**The Objective**

To find the non-duplicated elements between two or more vectors (i.e. the ‘yellow sections of the diagram above)

**The Problem**

I needed the opposite of R’s *intersect()* function, an “*outersect()*“. The closest I found was *setdiff()* but the order of the input vectors produces different results, e.g.

x = letters[1:3]
#[1] "a" "b" "c"
y = letters[2:4]
#[1] "b" "c" "d"
# The desired result is
# [1] "a" "d"
setdiff(x, y)
#[1] "a"
setdiff(y, x)
#[1] "d"

*setdiff() *produces all elements of the first input vector without any matching elements from the second input vector (i.e. is asymmetric). Not quite what I’m after.

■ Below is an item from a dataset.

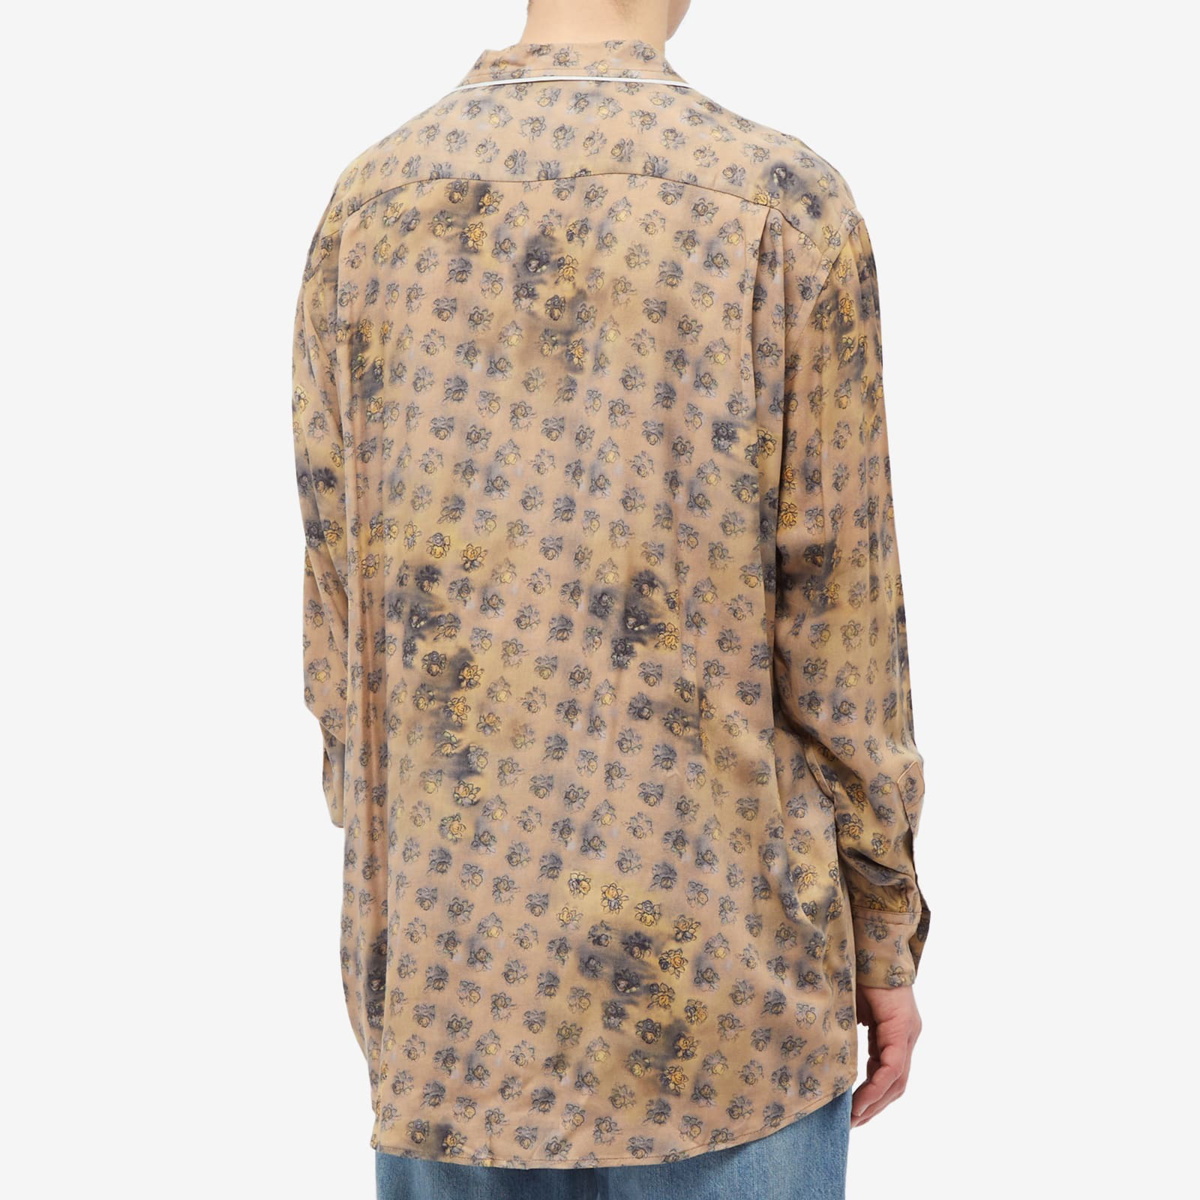 Acne Studios Men's Samper Washed Roses Shirt in Sand Beige/Yellow Acne ...

I’m looking for the ‘yellow’ set of elements as in the picture at the top of the page.

**The Solution**

Concatenating the results of *setdiff()* with input vectors in both combinations works a treat:

outersect <- function(x, y) {
sort(c(setdiff(x, y),
setdiff(y, x)))
}
x = letters[1:3]
#[1] "a" "b" "c"
y = letters[2:4]
#[1] "b" "c" "d"
outersect(x, y)
#[1] "a" "d"
outersect(y, x)
#[1] "a" "d"

**Alternative solution**

An equivalent alternative would be to use

outersect <- function(x, y) {
sort(c(x[!x%in%y],
y[!y%in%x]))
}

but by using *setdiff()* in the first solution it makes it easier to read I think.

**Further Development**

It would be nice to extend this to a variable number of input vectors. This final task turns out to be rather simple:

outersect <- function(x, y, ...) {
big.vec <- c(x, y, ...)
duplicates <- big.vec[duplicated(big.vec)]
setdiff(big.vec, unique(duplicates))
}
# desired result is c(1, 2, 3, 6, 9, 10)
outersect(1:5, 4:8, 7:10)
#[1] 1 2 3 6 9 10

Awesome.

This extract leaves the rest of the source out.